How Bad is Bitcoin Mining for the Environment? New Research Suggests Not So Bad
Bitcoin mining emissions were on par with Estonia, suggesting that the climate change impact of the first digital asset is less than previously reported. Furthermore, the research seems to suggest that where Bitcoin is mined contributes to how much carbon Bitcoin emits. With so much of the mining being done in China, one might wonder if that country’s infrastructure is more to blame than Bitcoin.
Past research demonstrated that emissions from mining bitcoin could be as high as 63 megatonnes of CO2 per year.

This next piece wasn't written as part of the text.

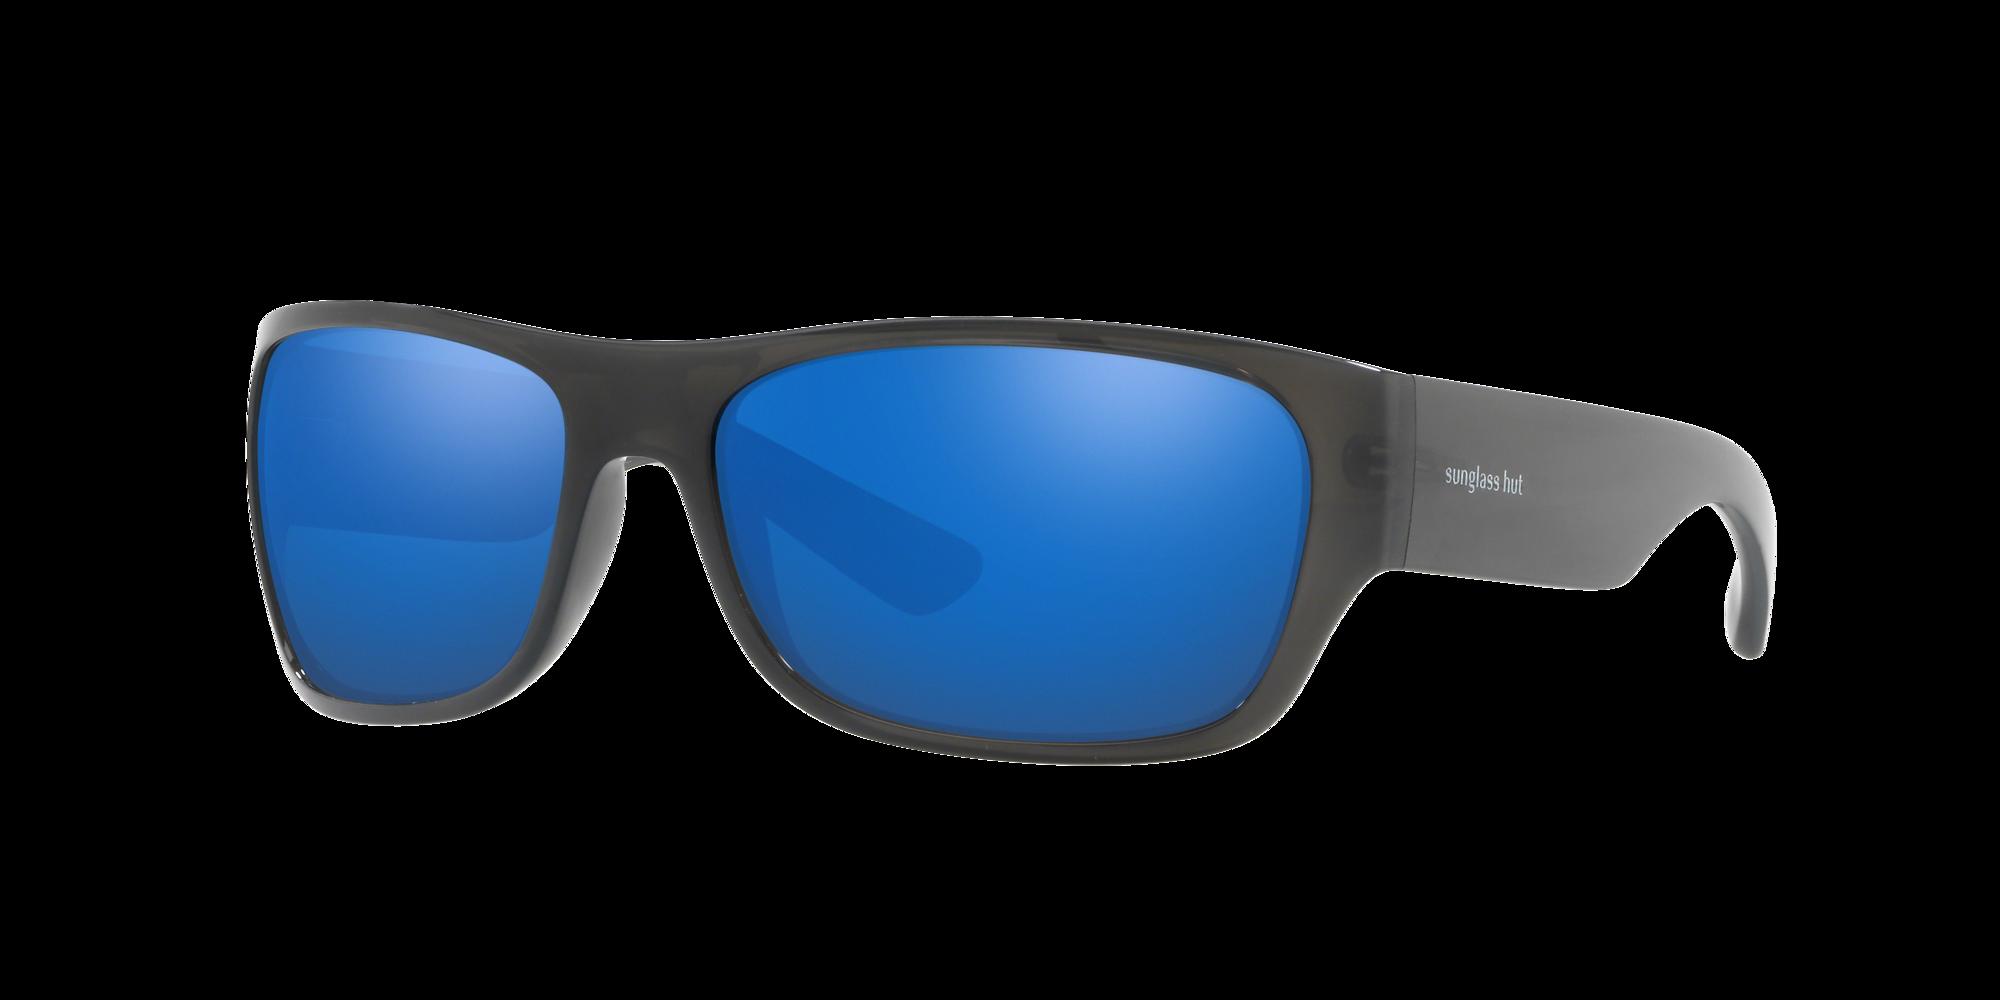 Coleccion Sunglass Hut Unisex  HU2013 -  Frame color: Gris, Lens color: Azul, Size 63-17/130

Reports surfaced suggesting Bitcoin mining put out as much carbon as some Scandinavian countries. But, Susanne Köhler and Massimo Pizzol at Aalborg University in Denmark suggested previous researchers had built misguided axioms into their studies. Poor assumptions about carbon emissions from electricity generation across China, in part, led to the doomsday conclusions about bitcoin mining.
Köhler and Pizzol instead broke emissions down within China to take into consideration regional levels of CO2 produced, as reported by *The New Scientist*. They came up with a lower carbon footprint for Bitcoin: 17.29 megatonnes of CO2 in 2018. The new numbers result from facts such as coal-heavy Inner Mongolia accounts for 12.3 percent of bitcoin mining, resulting in more than a quarter of the total emissions.

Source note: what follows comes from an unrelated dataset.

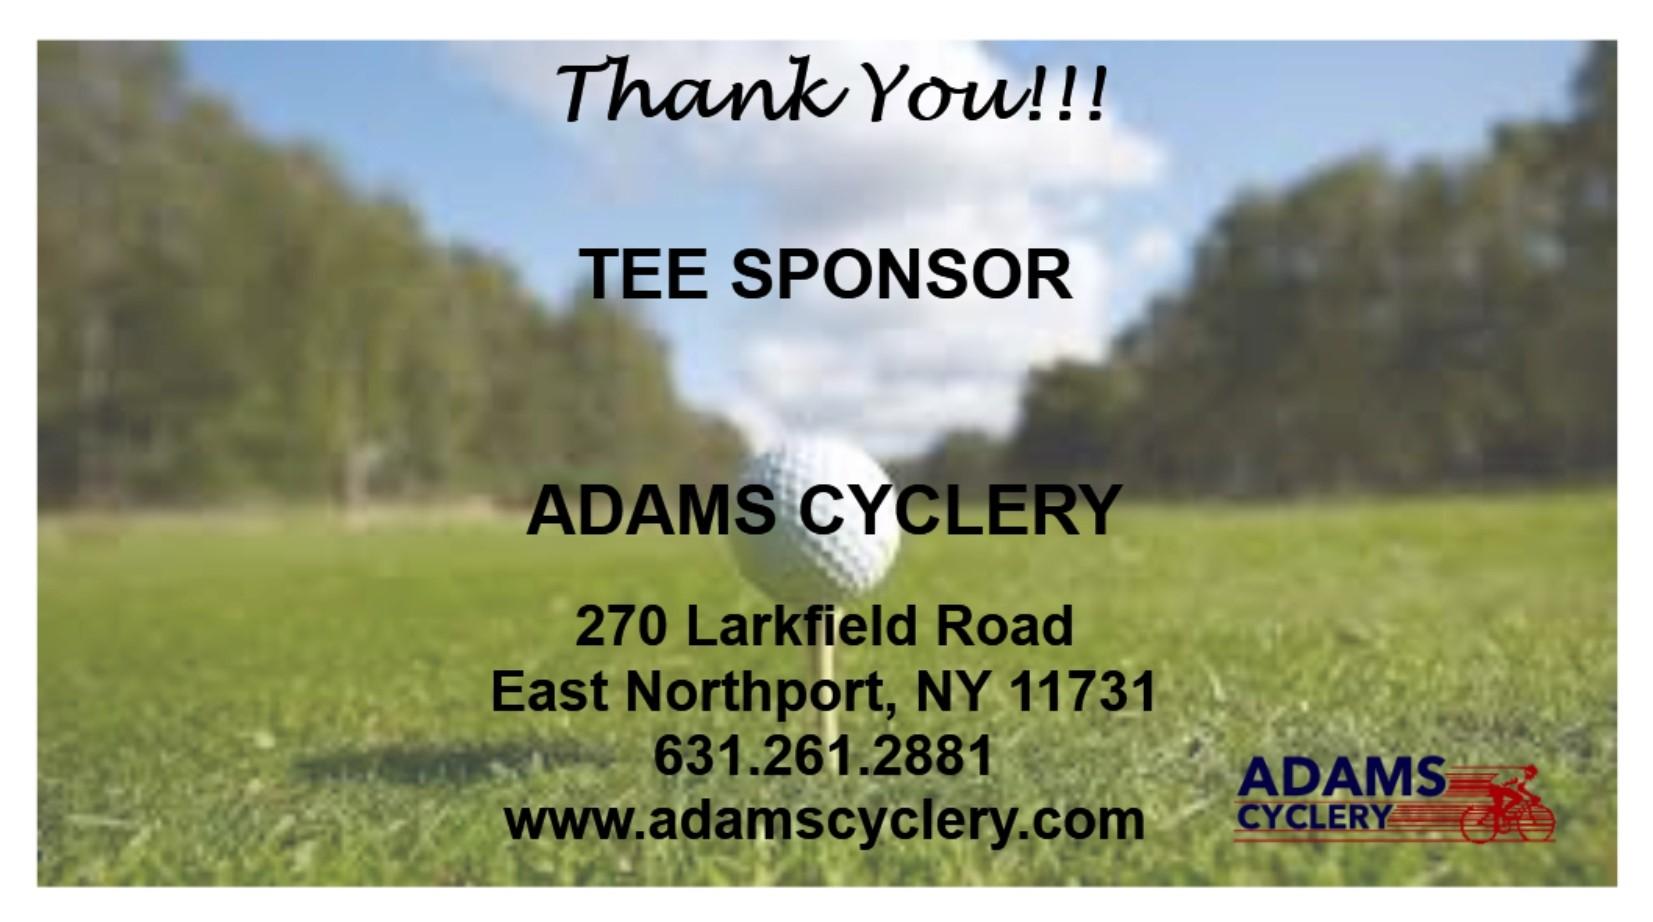 Adams Cyclery

“On the one hand we have these alarmist voices saying we won’t hit the Paris agreement because of bitcoin only,” said Köhler. “But on the other hand there are a lot of voices from the bitcoin community saying that most of the mining is done with green energy and that it’s not high impact.”
Köhler and Pizzol say the affect of Bitcoin mining on the environment won’t truly be known until more accurate data on where it takes place is available.